Avec nos modes de vie actuels, il est facile de se rendre compte de l’importance d’apprendre à vivre pleinement l’instant présent. Les troubles liés au stress et à l’anxiété ainsi que le burn out touchent de plus en plus de personnes. Leur qualité de vie en est grandement amoindrie et le coût pour la société est également important. Le stress serait à l’origine de 50 à 60% de l’ensemble des journées de travail perdues selon la European Agency for Safety and Health at Work.

Les traitements alternatifs commencent à être de plus en plus souvent proposés pour soigner ces troubles. Grâce au protocole validé scientifiquement de Jon Kabat-Zinn sur la méditation de pleine conscience, ces techniques arrivent dans les hôpitaux pour apprendre aux patients à renouer le contact avec l’instant présent.

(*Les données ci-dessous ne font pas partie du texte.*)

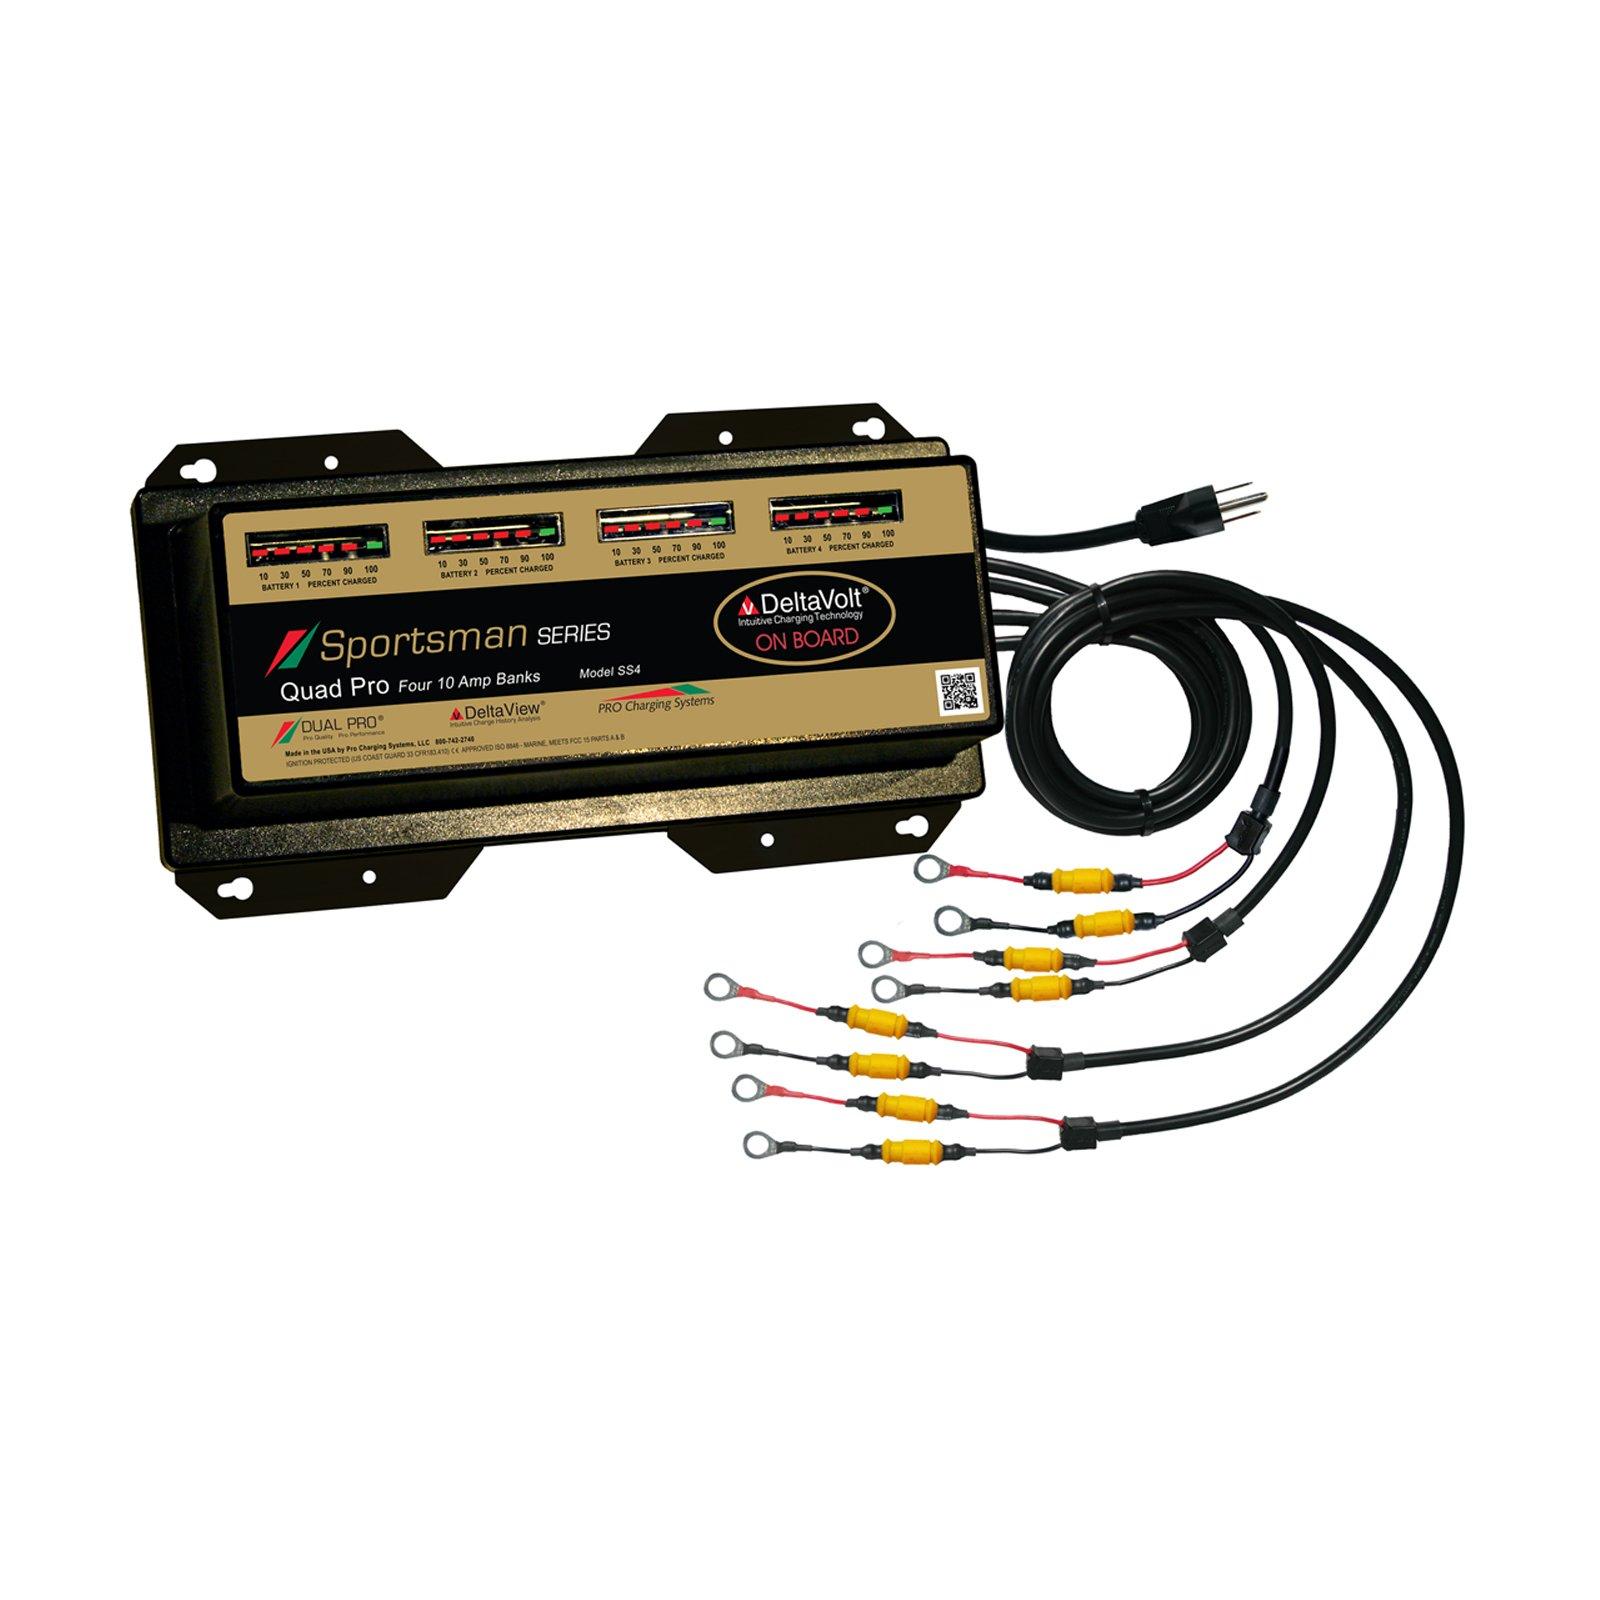 Dual Pro Sportsman Series 12 Volt 40 Amp Lithium Battery Charger Four 10 Amp Banks Battery Mart

De plus en plus de personnes essayent par elles-mêmes ces techniques de relaxation et de méditation. Ces pratiques permettent en effet de retrouver un ancrage sur le moment présent en travaillant notamment sur la respiration ainsi que la conscience du corps et des sensations fines qui l’habitent. La tendance qui nous concerne de plus près est l’intérêt grandissant pour le Yoga. Il y a de plus en plus de pratiquants en France (un peu plus d’un million). Malheureusement, le côté mode de ce nouvel essor engendre des dérives avec un aspect marketing qui s’amplifie. Le « marché du Yoga » tend à suivre en France les mêmes tendances qu’aux Etats-Unis et au Canada. De nouveaux types de Yoga sont inventés s’éloignant de la pratique traditionnelle avec parfois un aspect compétitif. De plus en plus de marques s’intéressent également à ce nouveau marché en pleine croissance. Elles créent de nouveaux produits et accessoires qui engendrent de nouveaux besoins alors que la pratique du Yoga ne nécessite que très peu de chose. Nous pouvons donc nous demander si ces facteurs ne vont pas pousser les pratiquants à ne percevoir le Yoga que sous l’angle de la consommation ce qui détournerait le Yoga de ses objectifs premiers.